The men from Madrid

Map of route from Santiago Bernabeu stadium, Madrid, to RCDE stadium, Barcelona.
Lunch in Zaragoza?

RCD Espanyol has been accused of many things by fans of city rivals FC Barcelona, who like to think of themselves as a sort of Catalan national team. While I’m not sure where Messi, Suárez, Neymar, Iniesta, Ronaldinho, Eto’o, Rivaldo, Stoichkov or Cruyff would fit into such a team, it is true that they wave a lot of flags while tourists happily sing along to chants of “independència” at the Camp Nou. It is also true that the same chants will not be heard at RCDE stadium, and the name of the club, which translates as “Royal Spanish Sporting Club” does seem to convict them of whatever it is they are being accused of. Even worse, this alleged Spanish-ness has led to Kevin Bridges-esque suggestions that their fans are nothing more than misplaced Madrid fans. If Kilmarnock fans are Rangers fans without the bus fare, they would have it that Espanyolistas are Madrid fans without a spare 100 euros for the AVE (high-speed train). In other words, that Espanyol are tainted with the white of Madrid. 

(Incidentally, sporting director Rufete and midfielder Víctor Sánchez are both ex-Barça players, but that doesn’t quite fit the narrative. And if football fans love one thing, it’s a good narrative.)

The reality is probably simpler: Madrid and Espanyol share a rivalry with Barça, and your enemy’s enemies are your friends. In addition, clubs such as Espanyol occasionally rely on loaning players from one of the big two. Barça fans may not take kindly to a young player moving across town for a year, so naturally deals are easier to reach with Madrid.

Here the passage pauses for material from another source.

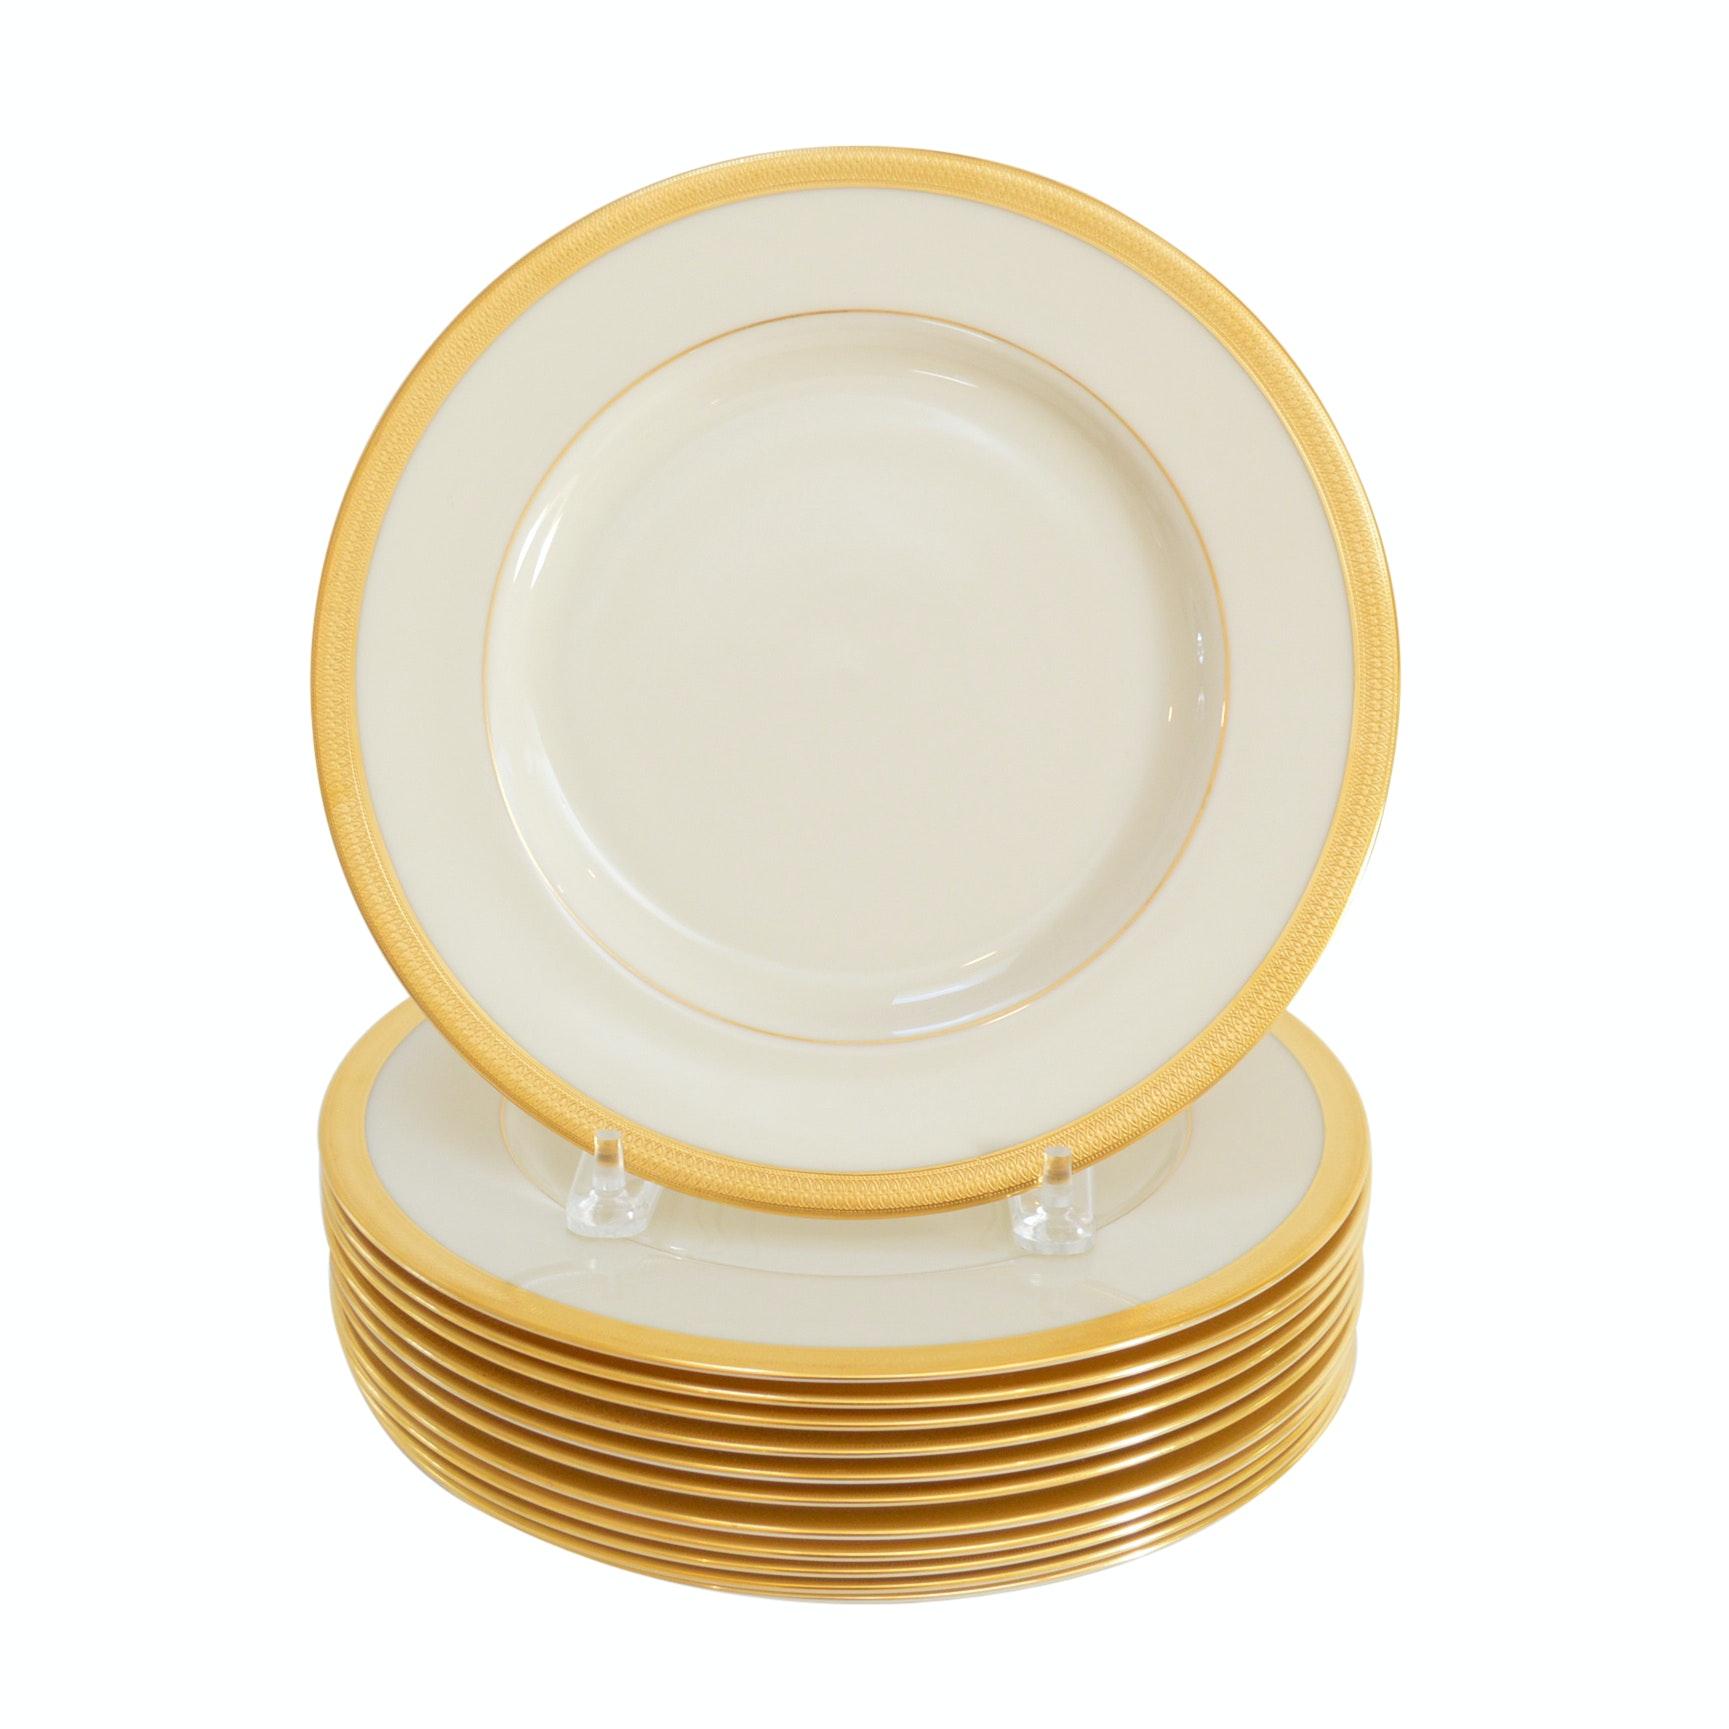 "Set of Lenox ""Lowell"" Bone China Dinner Plates"

In recent years, madridistas Lucas Vázquez and Marco Asensio have made this switch, with Asensio in particular catching the eye during his time with the pericos. There are no such loan deals in place this year, but there are two current Espanyol players with a history at the Bernabeu.

Diego López

Probably best remembered for being the man who took Iker Casillas’ place in the team when Mourinho was in his traditional final-year meltdown with los merengues. This will be his fourth season with Espanyol and at 37 years old he will be the undisputed number one this campaign. Known as Superlópez, after a Spanish comic book character, he stands out for his reach and superb reflexes.

Diego López in action for Espanyol

Esteban Granero

Like López, Esteban Granero was also a product of the Real Madrid youth system, and went on to play for the first team under Mourinho. He won la Liga and the Copa del Rey during his time in Madrid, before moving on to bigger and better things at QPR.

We don’t like you either Harry.

He has now recovered from that ordeal and Espanyol will benefit from his cool presence and passing ability in midfield again this year. 

That’s all for now. Tomorrow will mark 10 years since the sudden death of former Espanyol captain Dani Jarque. We will take the opportunity to look back on a little bit of the club’s recent history in the morning. There is also A GAME OF FOOTBALL tomorrow evening. The squad are on the plane to Switzerland right now, where they will take on FC Luzern in the third round of Europa League qualifiers

Espanyol players en route to Switzerland

We’ll have updates on team news for that at some point tomorrow. Cheers.